■ EXERCISE DATA:
= = =

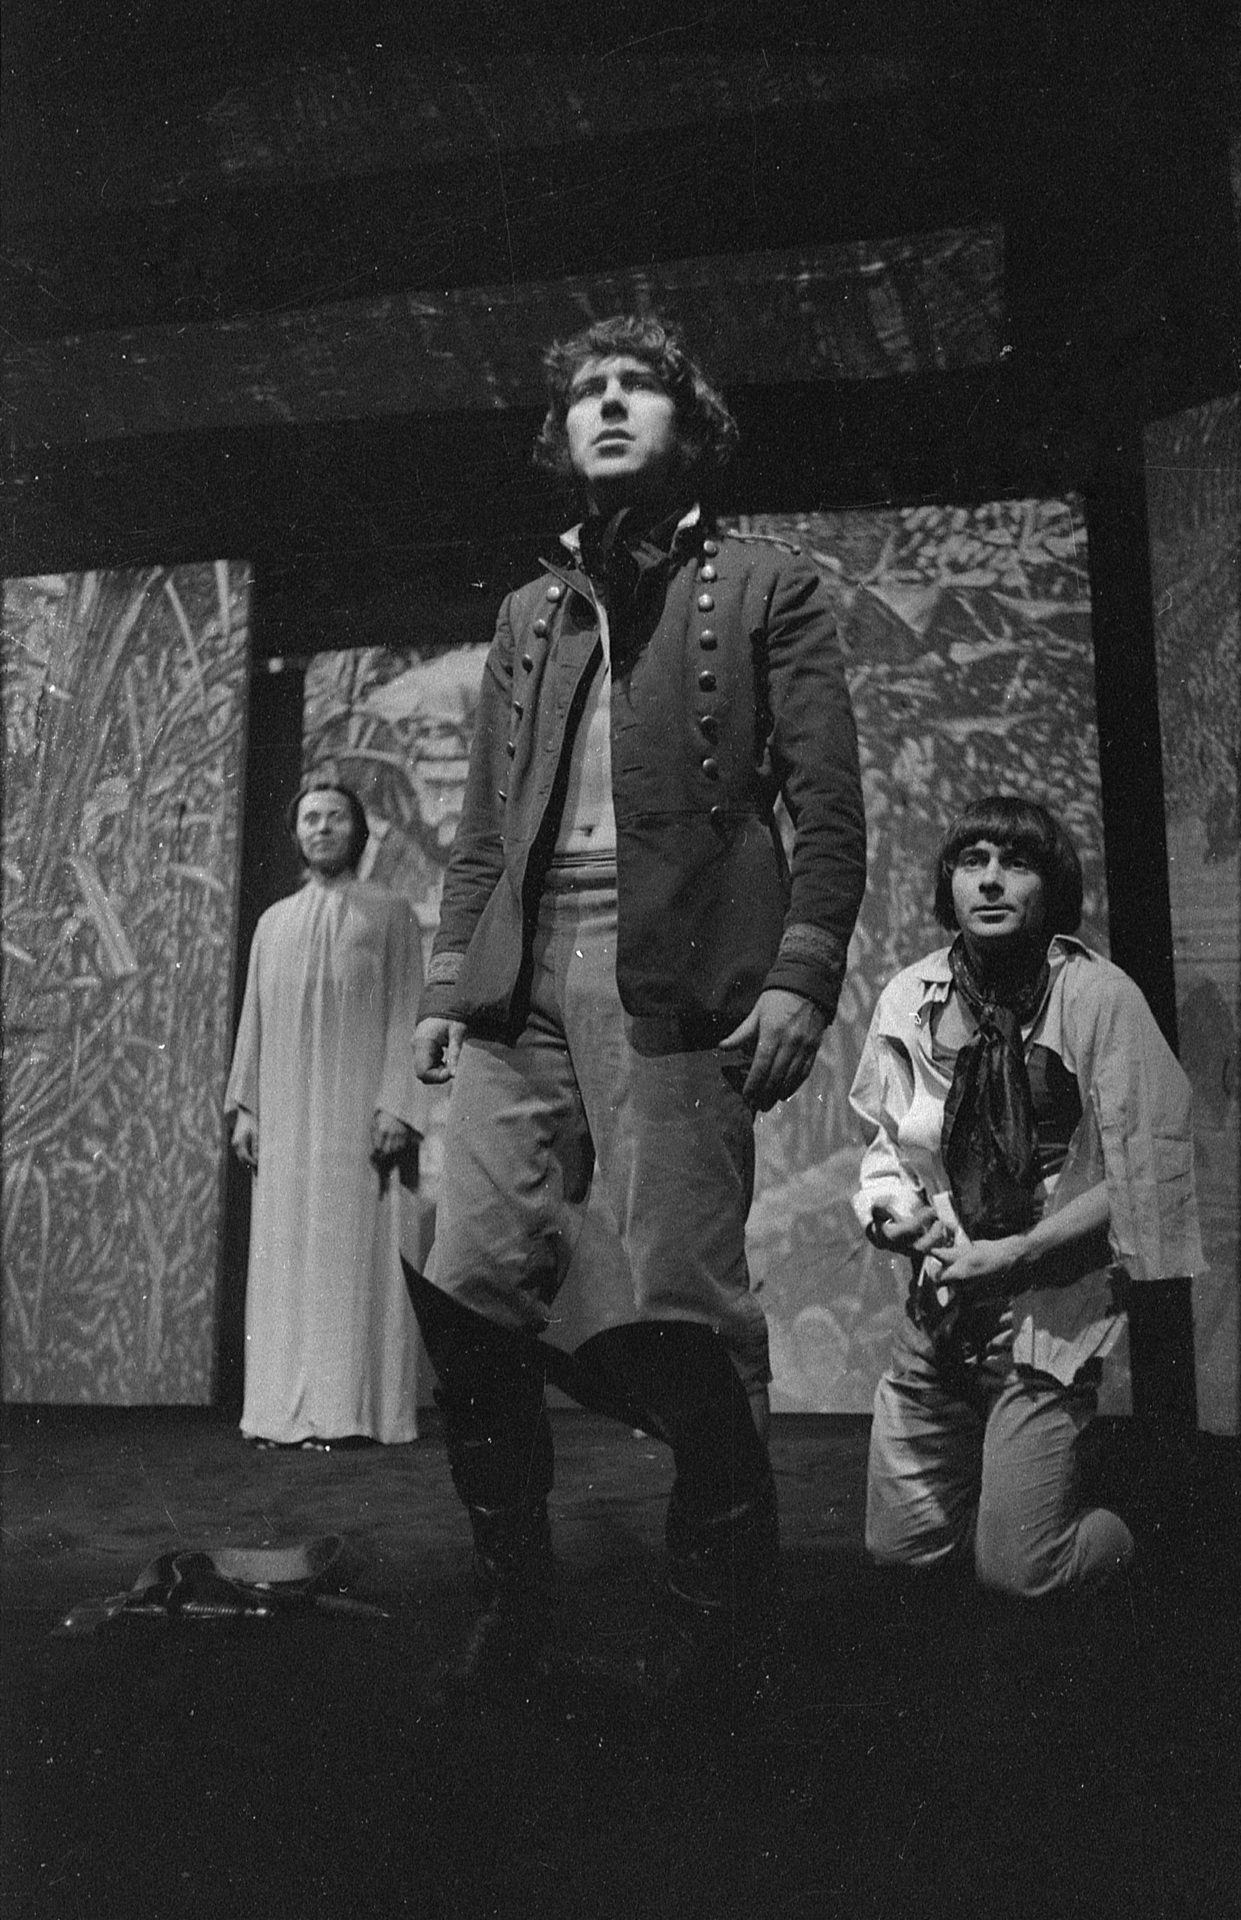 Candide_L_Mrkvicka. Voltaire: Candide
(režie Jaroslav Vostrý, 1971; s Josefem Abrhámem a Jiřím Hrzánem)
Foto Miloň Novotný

= = =

■ WHAT IS EXPECTED: Write out every line of the listing exactly as written, and leave the pictures out.

■ ANSWER BELOW:
 Candide_L_Mrkvicka. Voltaire: Candide
(režie Jaroslav Vostrý, 1971; s Josefem Abrhámem a Jiřím Hrzánem)
Foto Miloň Novotný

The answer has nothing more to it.